*EXERCISE AIM*: Where the data below shows a picture, leave that picture out and copy the rest exactly.

*DATA BLOCK*:
+-------+

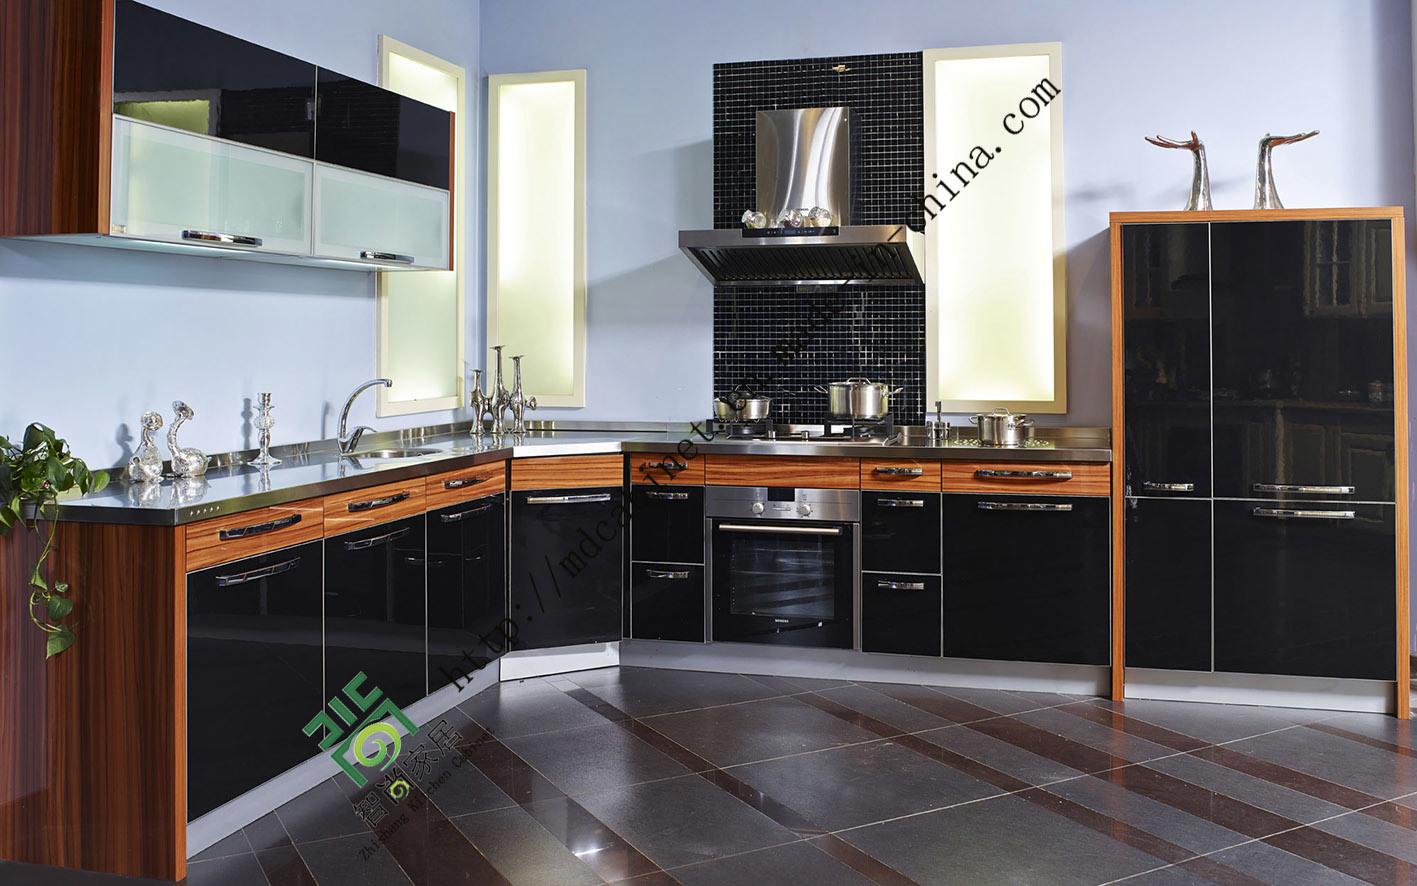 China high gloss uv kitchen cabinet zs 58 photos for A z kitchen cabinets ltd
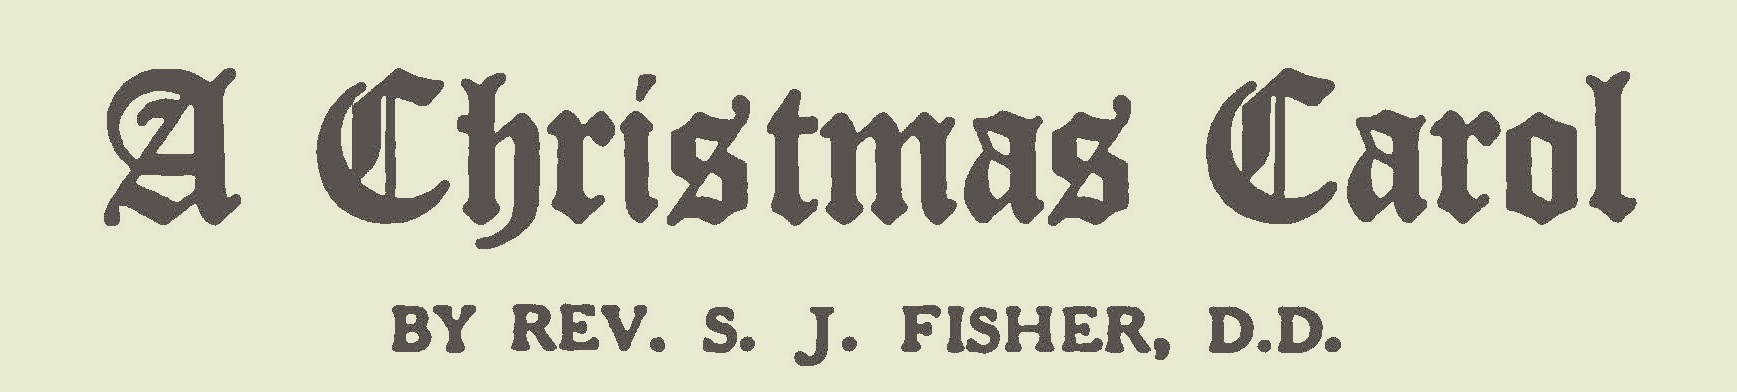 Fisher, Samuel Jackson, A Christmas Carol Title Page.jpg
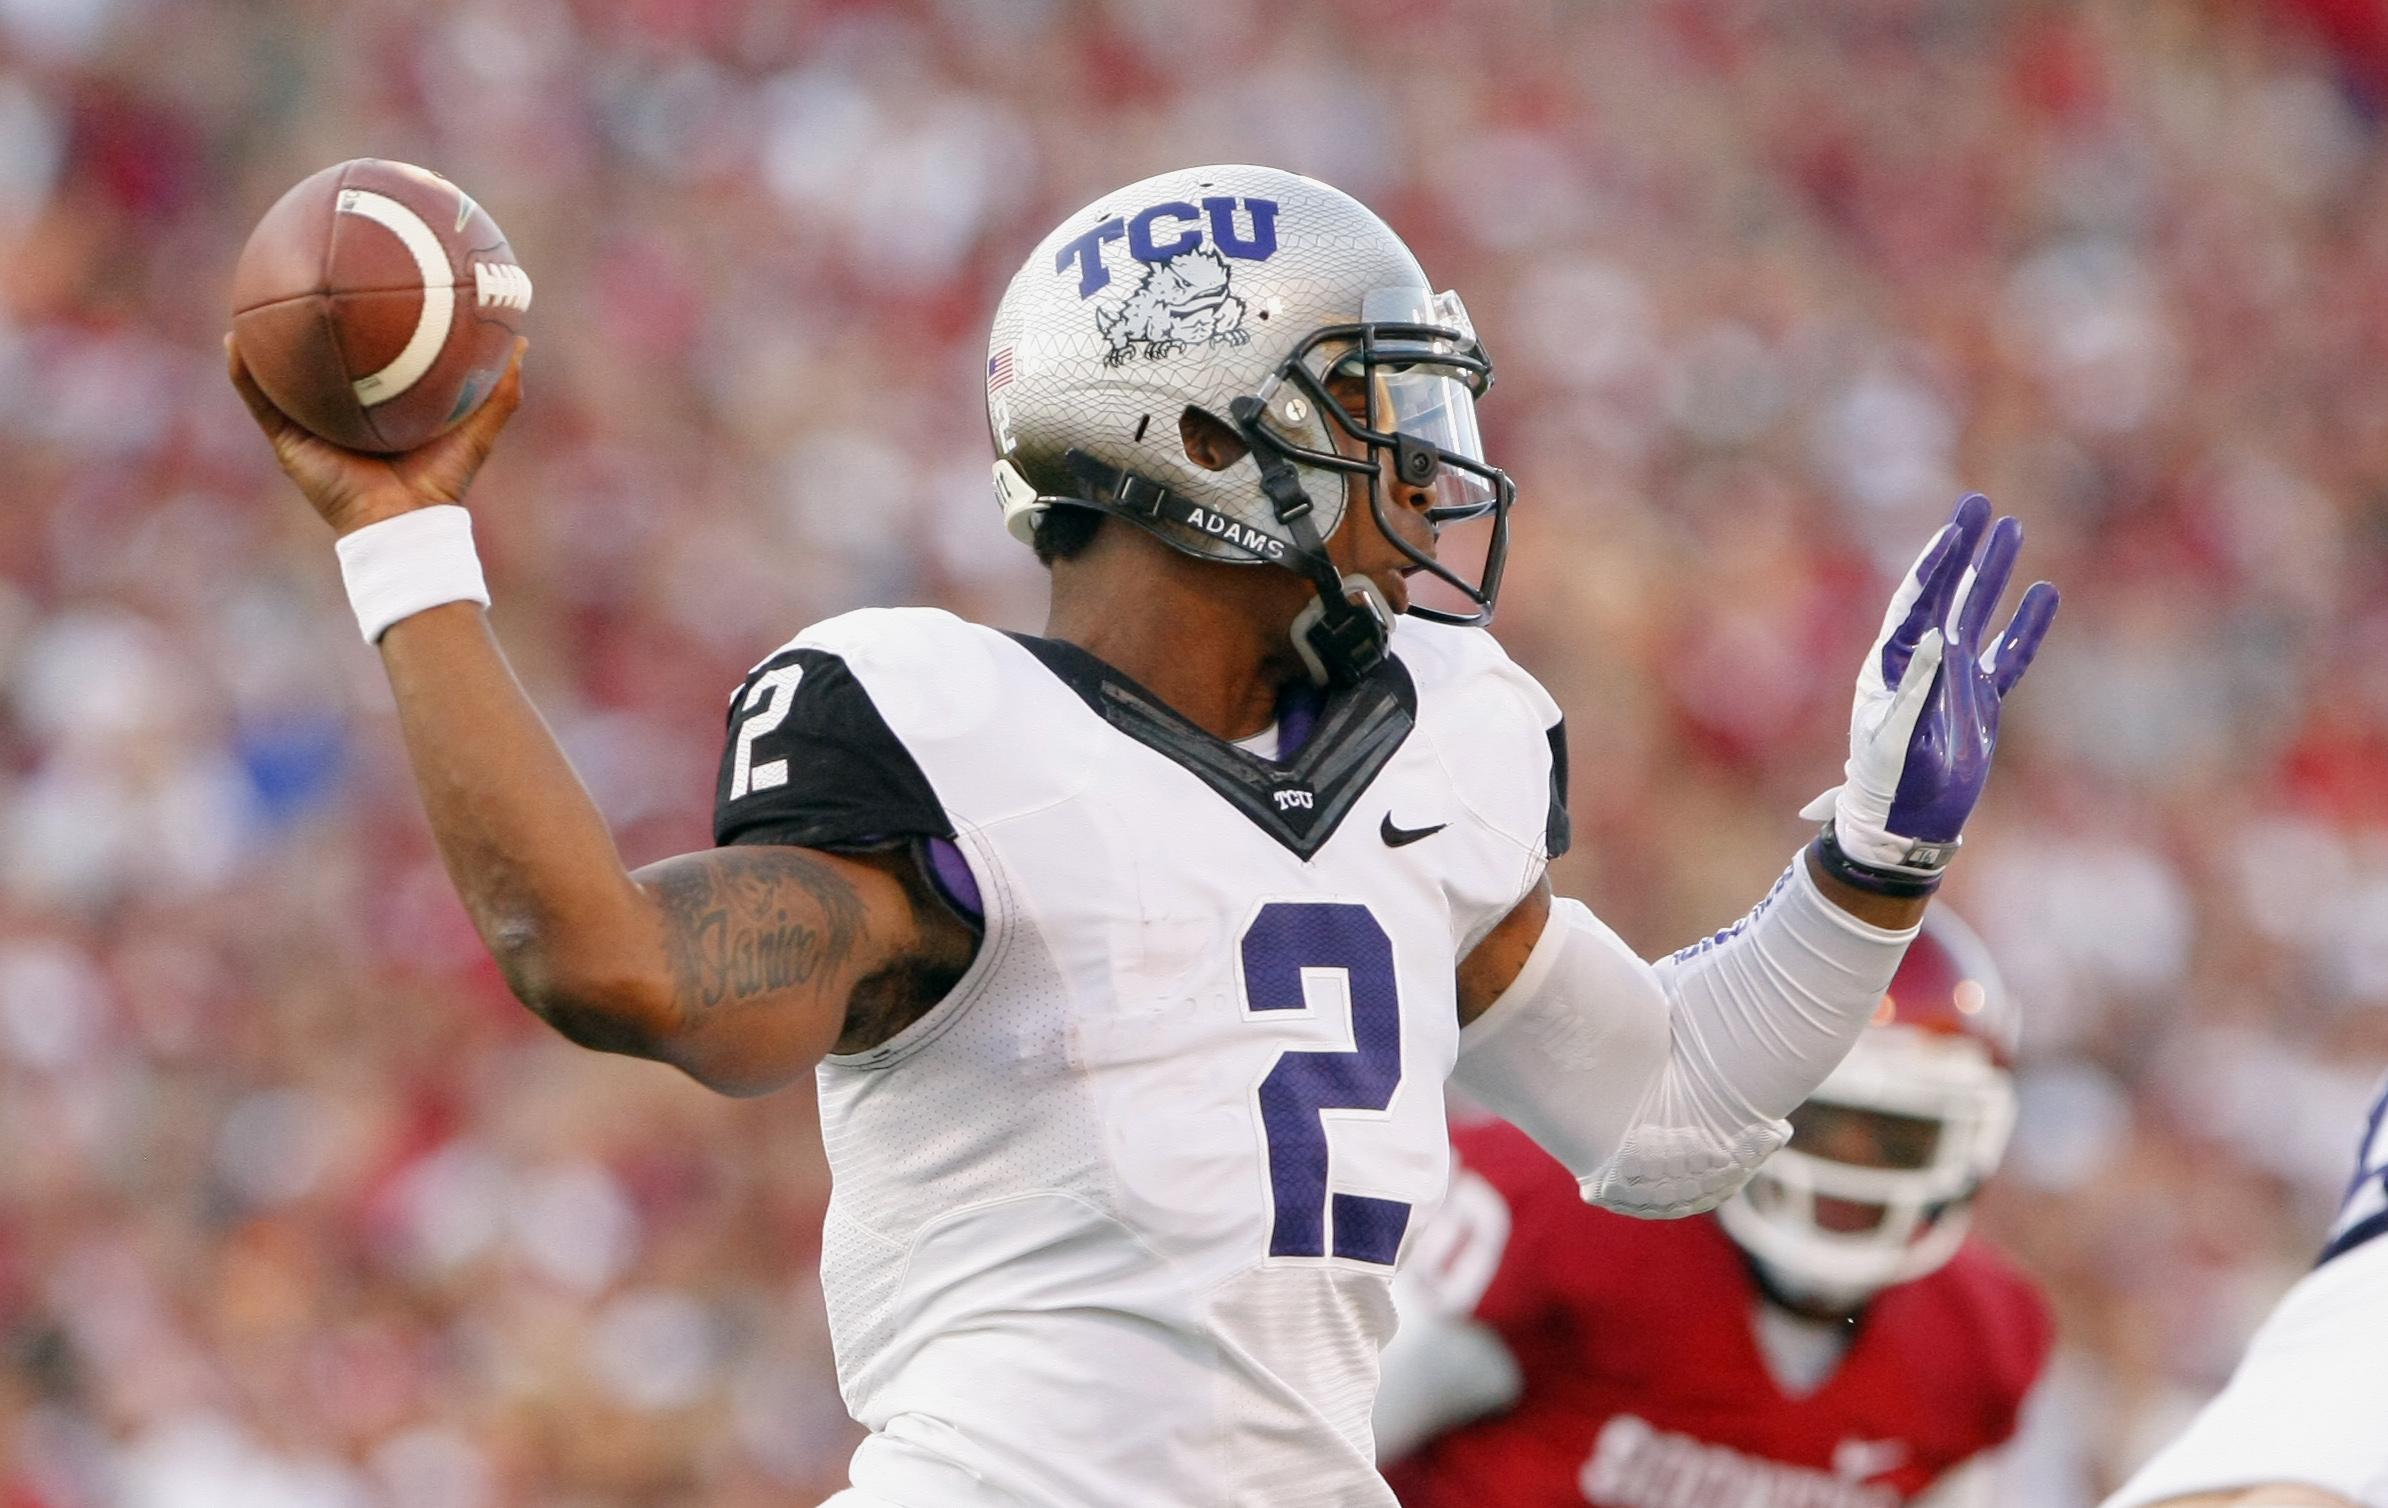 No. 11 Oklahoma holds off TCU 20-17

+-------+

*RESULT OF THIS EXERCISE*:
 China high gloss uv kitchen cabinet zs 58 photos for A z kitchen cabinets ltd
 Fisher, Samuel Jackson, A Christmas Carol Title Page.jpg
 No. 11 Oklahoma holds off TCU 20-17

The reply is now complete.